1.3 Deleted Definition. The defined term “Adjustment Percentage” and the definition thereof
shall be and it hereby is deleted from Section 1.01 of the Credit Agreement.
1.4 Proposed Borrowing Base and Proposed Conforming Borrowing Base. The last sentence of
Section 3.01 of the Credit Agreement shall be and it hereby is amended in its entirety to read as
follows:
Promptly after the receipt by the Administrative Agent of such Reserve Report and Borrower’s
requested amount for the Borrowing Base, the Administrative Agent shall submit to the Lenders a
recommended amount of the Borrowing Base and, with respect to any Redetermination prior to the
Conforming Date, the Conforming Borrowing Base as of the next Redetermination Date; provided that
no Redetermination of the Conforming Borrowing Base shall be required after the Conforming Date.

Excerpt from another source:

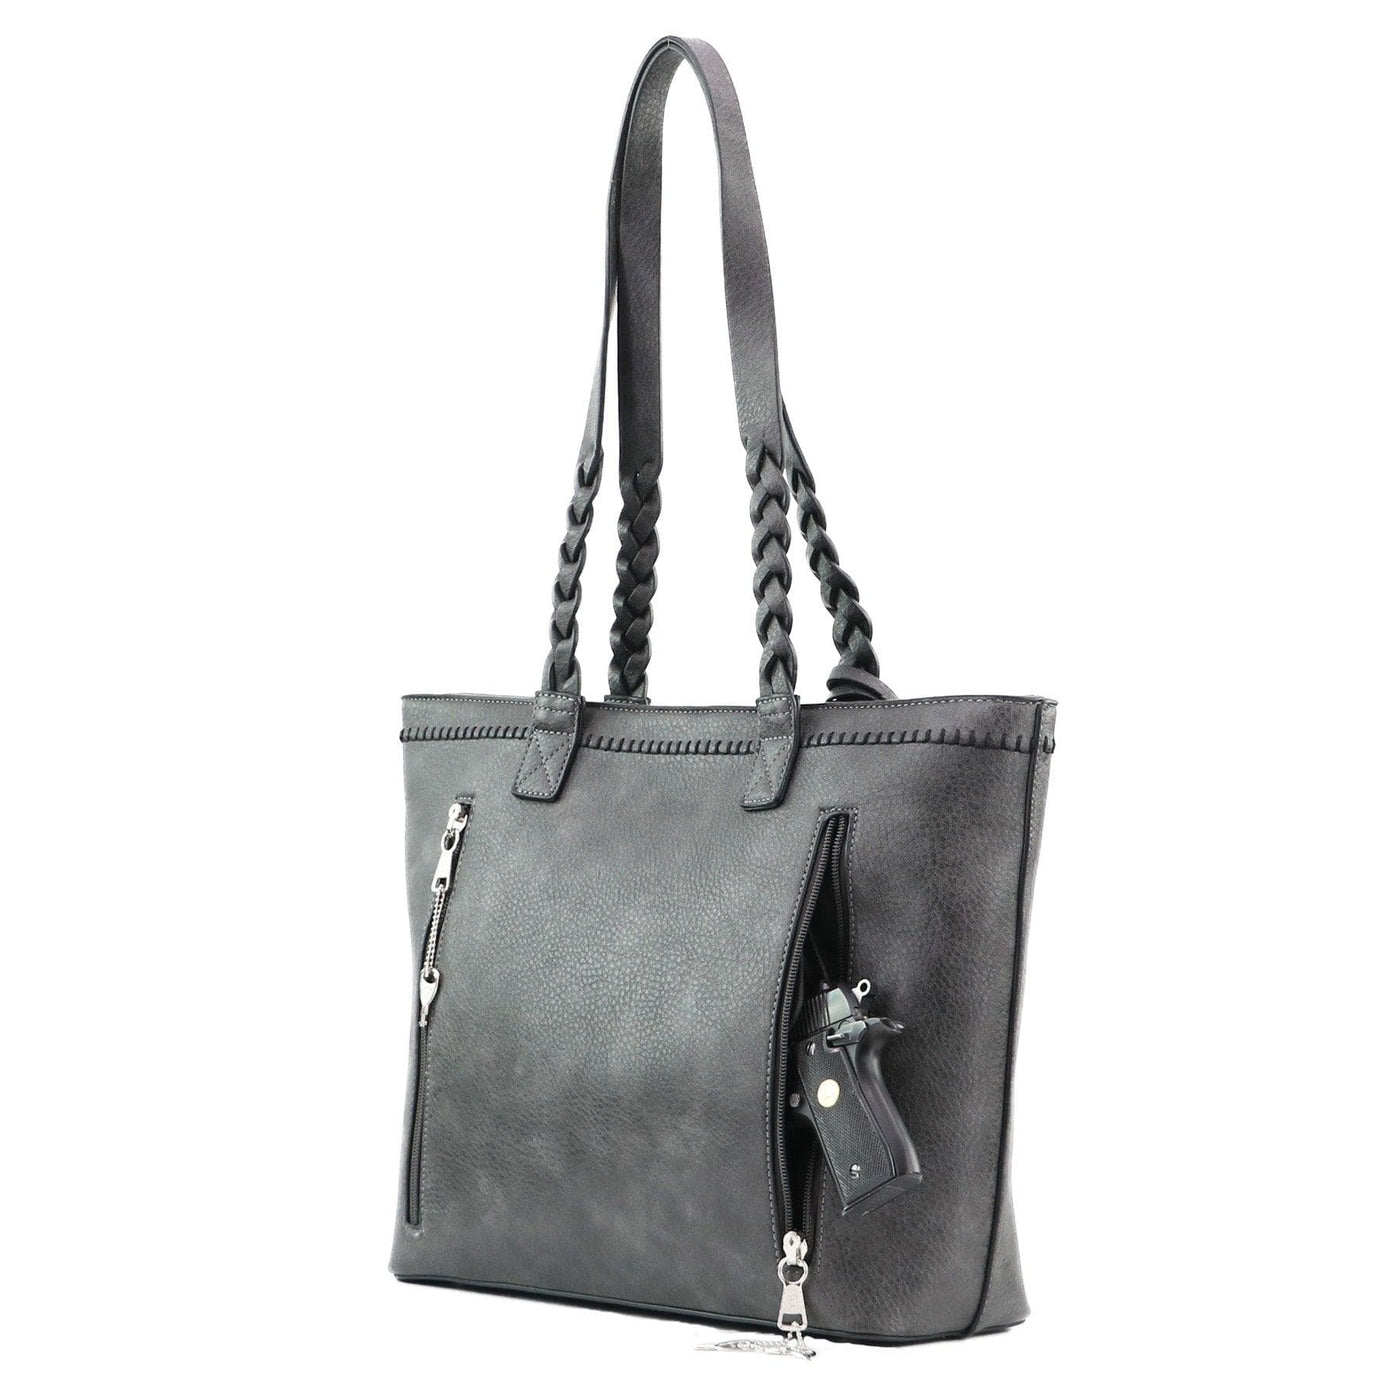 Concealed Carry Cora Tote by Lady Conceal -  Locking Designer Conceal Carry Handbag for women -   Locking Conceal and Carry Handbag with Universal Holster for Handguns -  Unique Handbag Gun and Pistol Bag - crossbody Handbag for concealed gun carry - concealed carry Handbag gun purse with locking zipper

1.5 Scheduled Redeterminations of the Borrowing Base and Conforming Borrowing Base. The first
sentence of Section 3.02 of the Credit Agreement shall be and it hereby is amended in its entirety
to read as follows:
Based in part on the Reserve Reports made available to the Administrative Agent and the
Lenders pursuant to Section 3.01, the Lenders shall redetermine the Borrowing Base on or prior to
the next Redetermination Date and, if such Redetermination Date is prior to the Conforming Date,
the Conforming Borrowing Base (or such date promptly thereafter as reasonably possible based on the
engineering and other information available to the Lenders).
1.6 Borrowing Base Adjustments. Section 3.05 of the Credit Agreement shall be and it
hereby is amended in its entirety to read as follows:
(a) In the event the Redetermination of the Borrowing Base is not made on or prior to January
1, 2008, as a result of the Borrower failing to comply with the requirements of this ARTICLE III
with respect to such Redetermination on the dates required without giving effect to any grace or
cure period provided in ARTICLE IX with respect to such failure, the Borrowing Base shall be
reduced by $3,000,000 on January 1, 2008 and by $3,000,000 on the first day of each month
thereafter (the “Monthly Reduction”) until the Borrowing Base and Monthly Reduction are
otherwise redetermined pursuant to this Article III.
(b) In the event the outstanding principal balance of the Indebtedness under the Second Lien
Facility exceeds $225,000,000 at any time after the First Amendment Effective Date, the Borrowing
Base then in effect shall be reduced by $1.00 for every $4.00 of such additional Indebtedness as of
the date such additional Indebtedness is incurred.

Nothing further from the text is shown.